# feelings on Rota Slipstream???



## infantspikes (May 1, 2004)

So, what are people's feeling on the subject of the ROTA Slipstream wheels on Nissans???

Yes, they are Spoon replicas, but they offer pretty good bang for your buck.


----------



## Radioaktiv (Feb 12, 2004)

i love them
if i had the $$
that would be my next wheel


----------



## Avshi750 (Jan 13, 2003)

for the price i love them... was looking at no less than four types of rotas for my sentra recently.

the look of slipstreams is very nice... not too flashy but far from a stock look for Nissans.

Now the Down Sides: (or up side depends on your opinion)

*all hear-say*

the paint is not of the highest quality. i hear they scratch and chip easy. but with colors like flat black, a quick spray from a can of flat black can fix any curb mark. try that on a set of crome dubs .

the wheels are "soft" so i hear. so they do flex a little on hard corners, but obviously not enough to matter. i have yet to read a thread where someone's rota cracked.


----------



## infantspikes (May 1, 2004)

infantspikes said:


> So, what are people's feeling on the subject of the ROTA Slipstream wheels on Nissans???
> 
> Yes, they are Spoon replicas, but they offer pretty good bang for your buck.


I was more hinting at the fact of putting HONDA replicas on a NISSAN.
Is it sin? heh


----------



## Avshi750 (Jan 13, 2003)

for the cost/ look/ weight not many people seem to mind that they are honda knock offs...


----------



## wes (Apr 30, 2002)

Rota's are good wheels fo rthe $$$ but they are not track wheels.
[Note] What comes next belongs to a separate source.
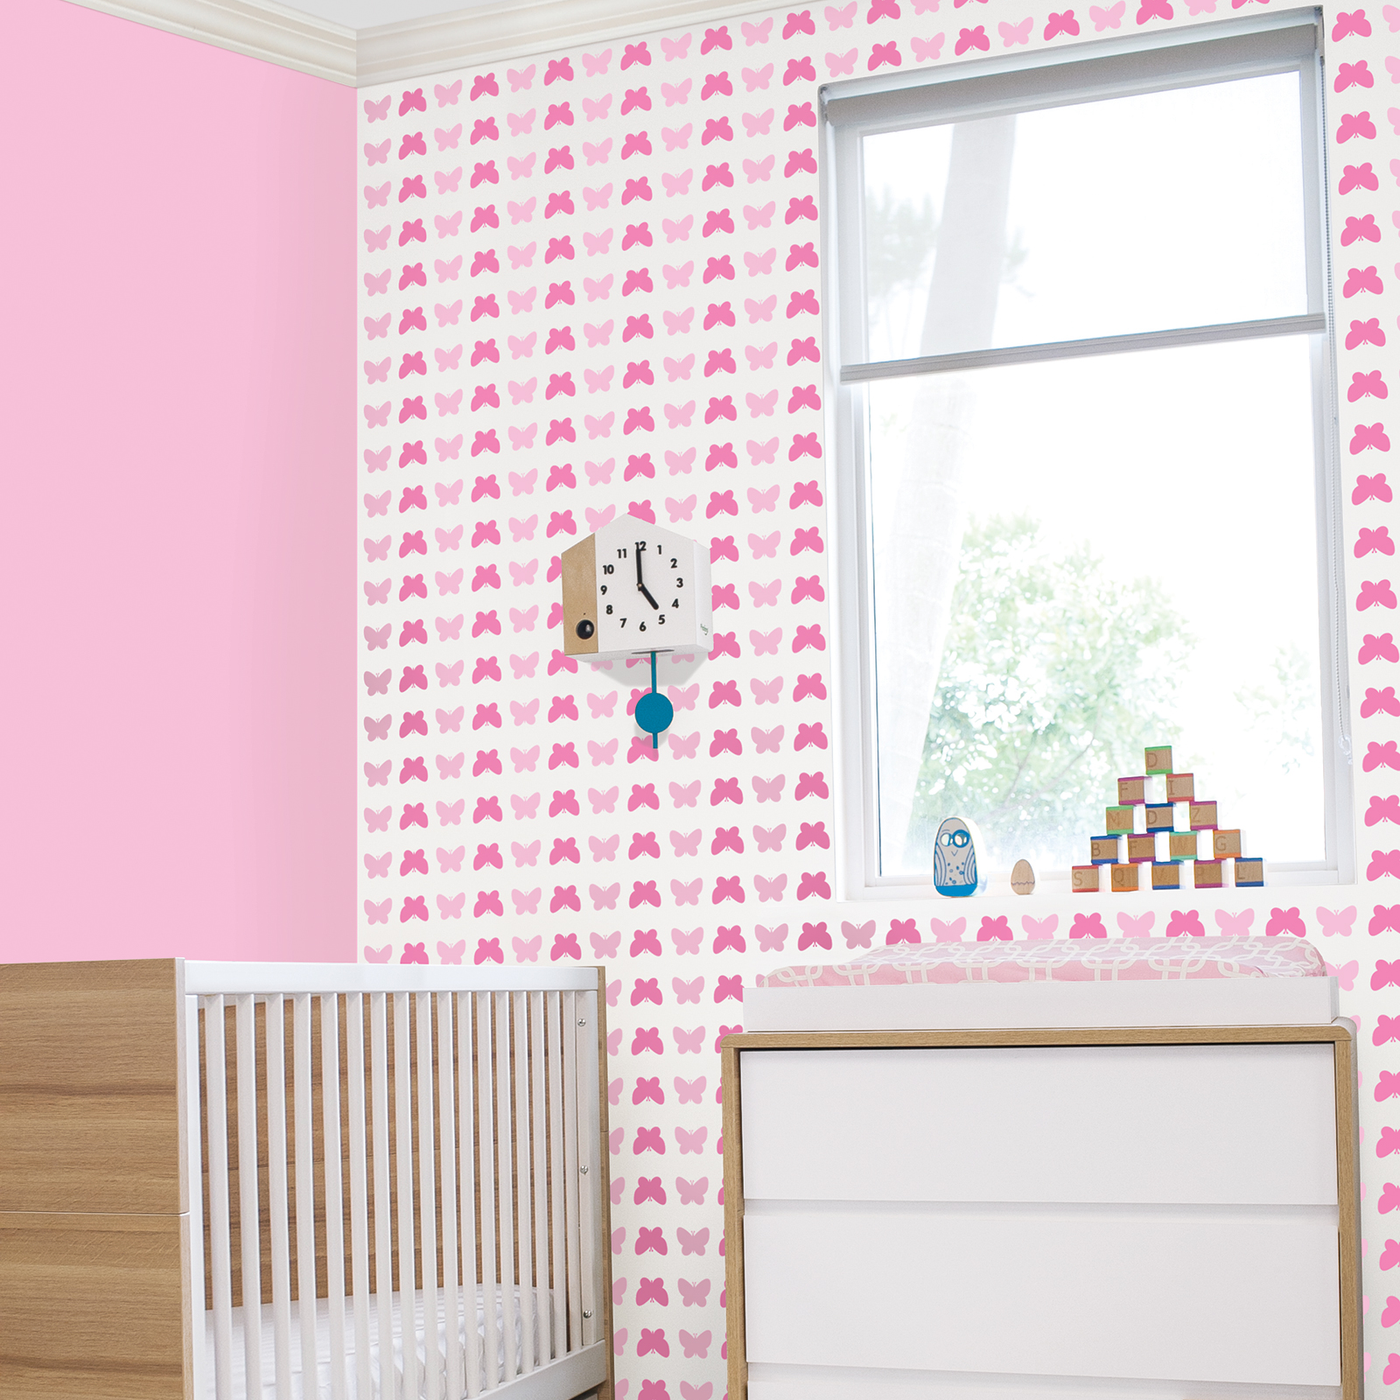 Butterfly peel and stick wallpaper in pink in a kids bedroom.
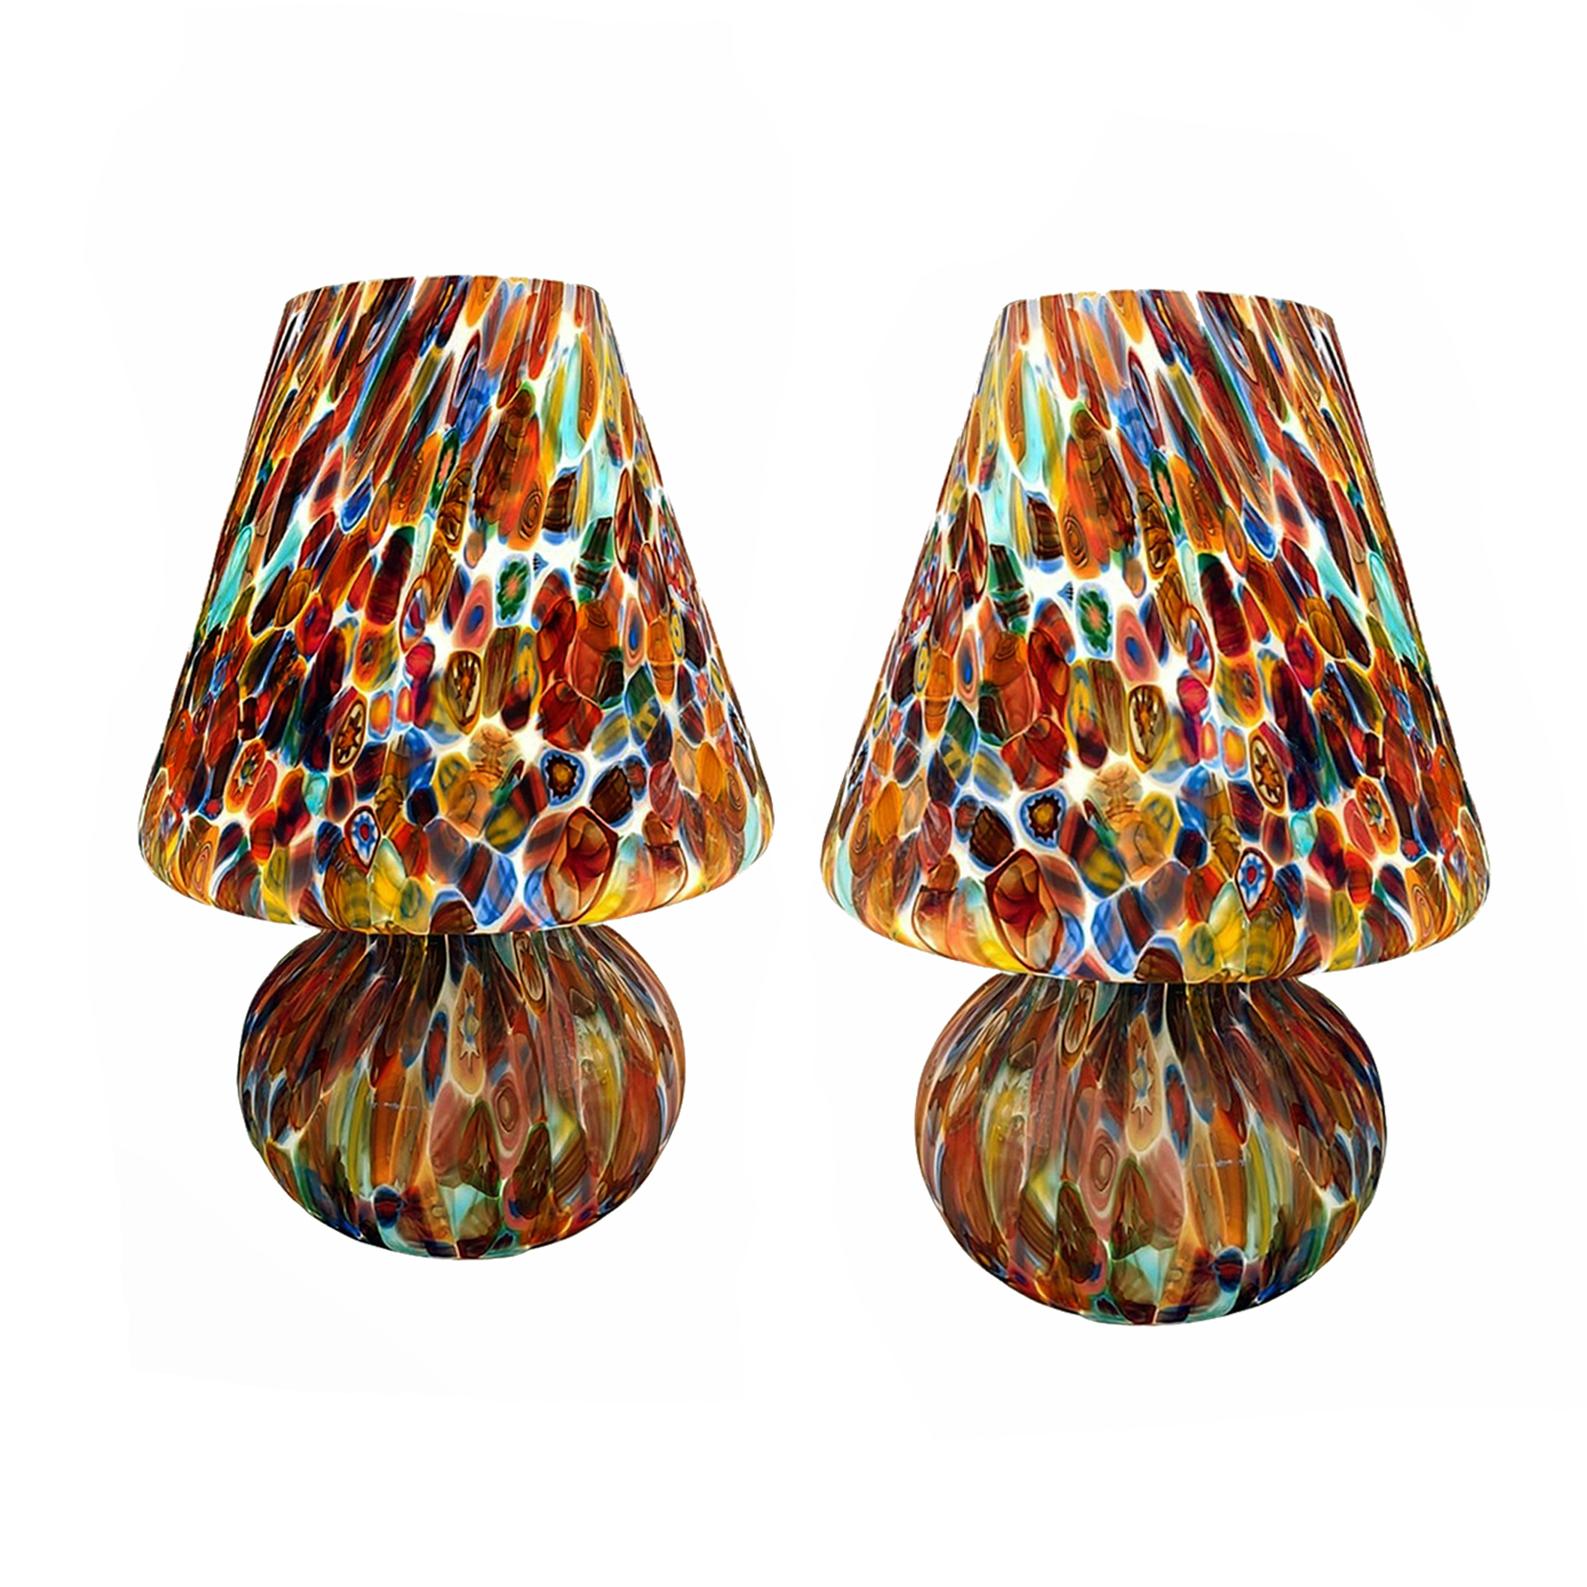 Pair of Big Hancrafted Murano Table Lamps Murrine Millefiori Decor, Italy 2000's For Sale

I have personally owne da set of Rota Sub Zero's and I crcked one of the wheels with a very MINOR off track excursion. I have seen several other sets of cracked Rota's floating around. Like I said, great wheel for the street.


----------



## kenshin138 (Aug 28, 2004)

Just as an FYI, you can kind of "get away with it" using the following logic:

Spoon wheels (SW388's) are made by Desmond for them in flat black.

Desmond makes the same wheels (Regamaster) in white, silver, and gunmetal.

Desmond wheels are not "honda specific" although you see them on honda's a lot due to the fact that they are popular FWD wheels, and Honda is the JDM king of FWD.

So unless you get the flat black you could in theory "get away with it". Or just argue that they are replica's and you dont really care who made the original.


----------



## pete? (Jul 6, 2004)

if you wana see how they will look look at this car.......= HOTNESS!


----------